The body is a -> pipeline. Read it as: "start with db; update :cart by conj'ing the new item onto it; assoc :last-added to the item."
db is never mutated. The return value is a new map with the changes baked in.
The function is pure: same inputs always produce the same output. No side-effects, no clock, no network. This is why re-frame2 event handlers are trivially testable.

If that read cleanly, you've got it.

Try it yourself. Modify the cell above to also increment a :item-count key in db. (Hint: use update with inc and a sensible default like (fnil inc 0).) The result map should include :item-count 1.

8. Where to go from here¶

You don't need to read more ClojureScript theory before ch.01. The rest of the guide explains re-frame2 itself, and every CLJS construct it uses has been covered above.
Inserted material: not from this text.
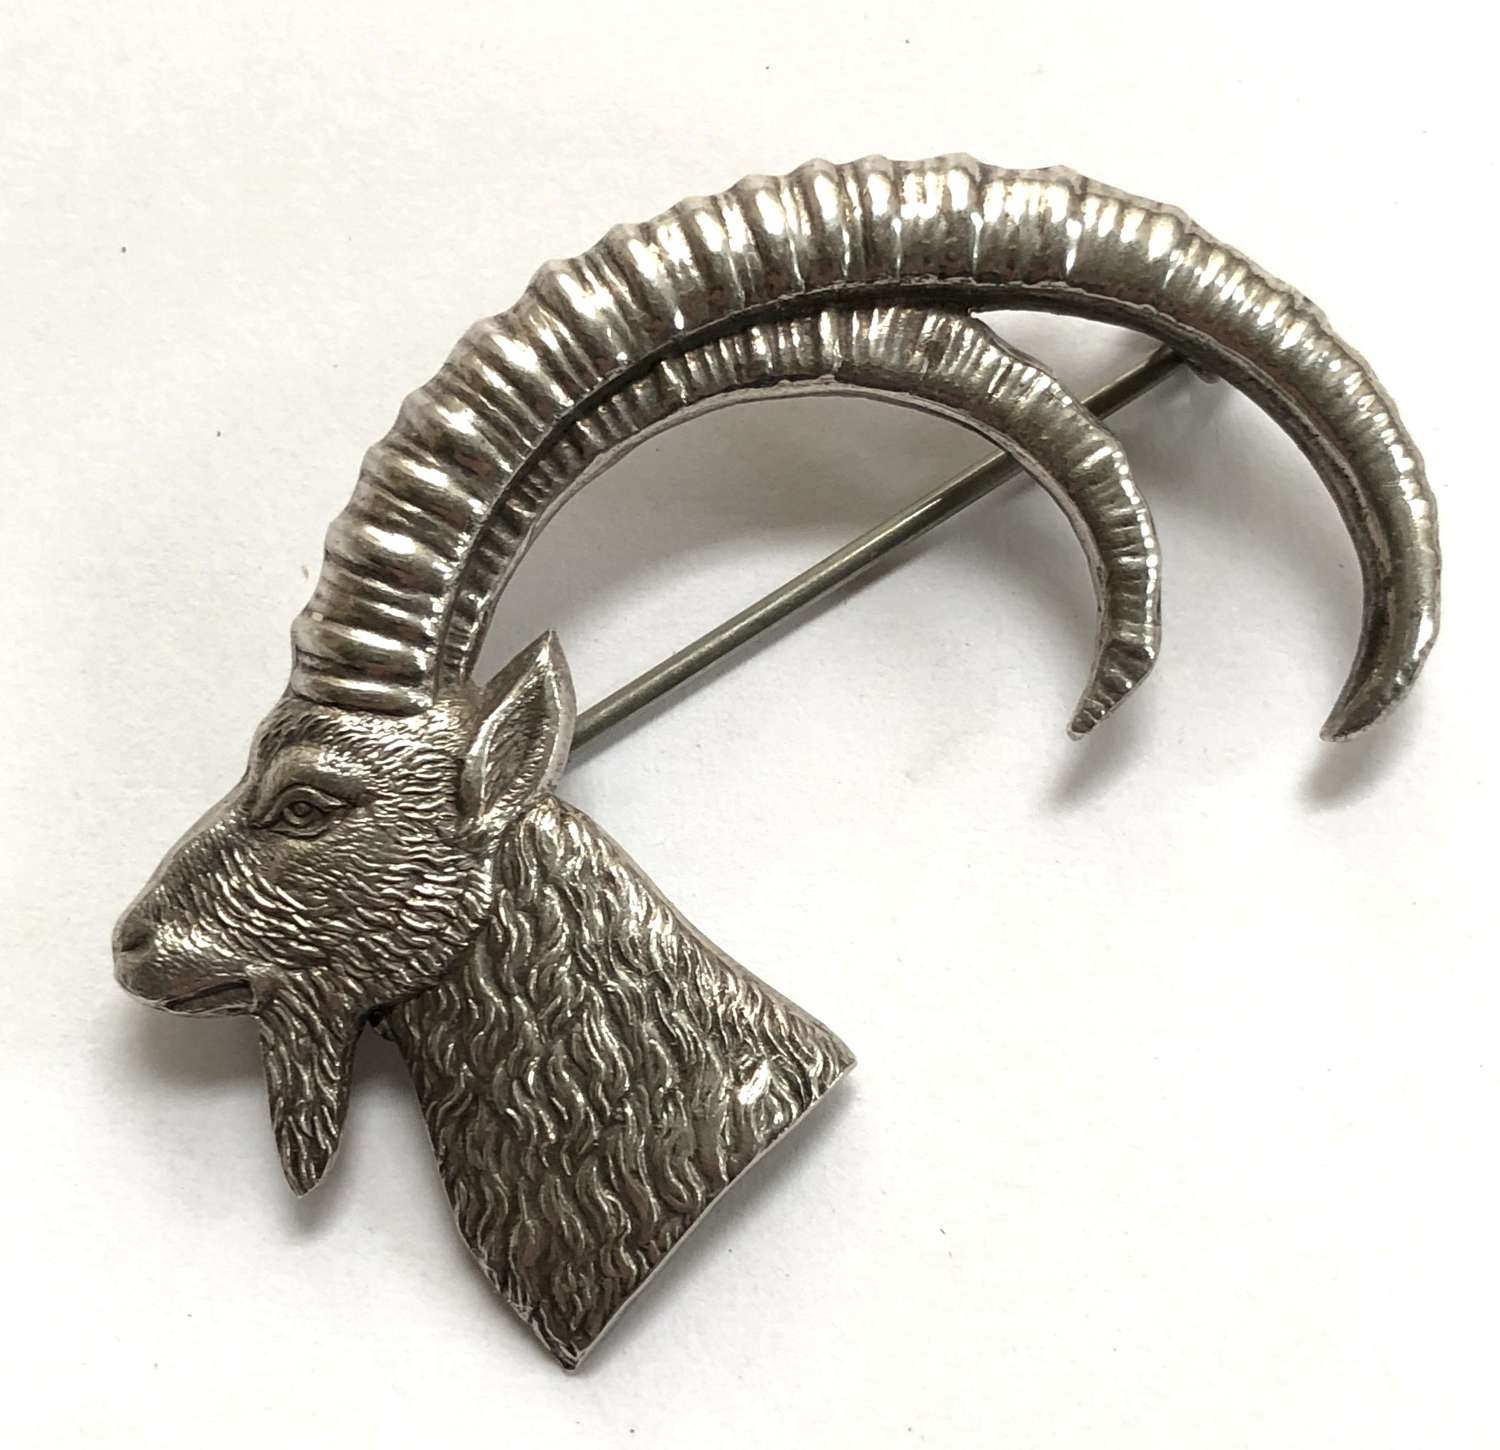 Africa. Port Sudan Suakin Province 1938 HM silver cap / pagri badge

If a snippet ever reads oddly, come back here — this chapter is your index.

Three paths forward, depending on what you want next:

To read the rest of the guide — you're done. Head to 01 — Why re-frame2. The guide assumes you can parse the constructs in this chapter and nothing more.
To run the example apps locally — see the examples/ directory in the repo. Each example has its own npm install && npm run dev instructions. The build tool is shadow-cljs, which you'll meet there.
To write your own ClojureScript from scratch — read clojure.org/guides/learn/syntax and the shadow-cljs User's Guide. Or, easier and more fun: clone an example, change something, and watch it hot-reload.

Summary¶

You learned three things:

Code is data. Lists are function calls, vectors and maps are themselves, symbols look up bindings.
Three evaluation rules. Literals self-evaluate, symbols resolve to bindings, lists invoke functions on their evaluated arguments. Everything else — let, if, fn, threading — is built on top.
Immutability is structural. New collections share structure with old ones; old ones never change. This is why re-frame2's whole architecture works.

If you can hold those three ideas, you can read every chapter that follows.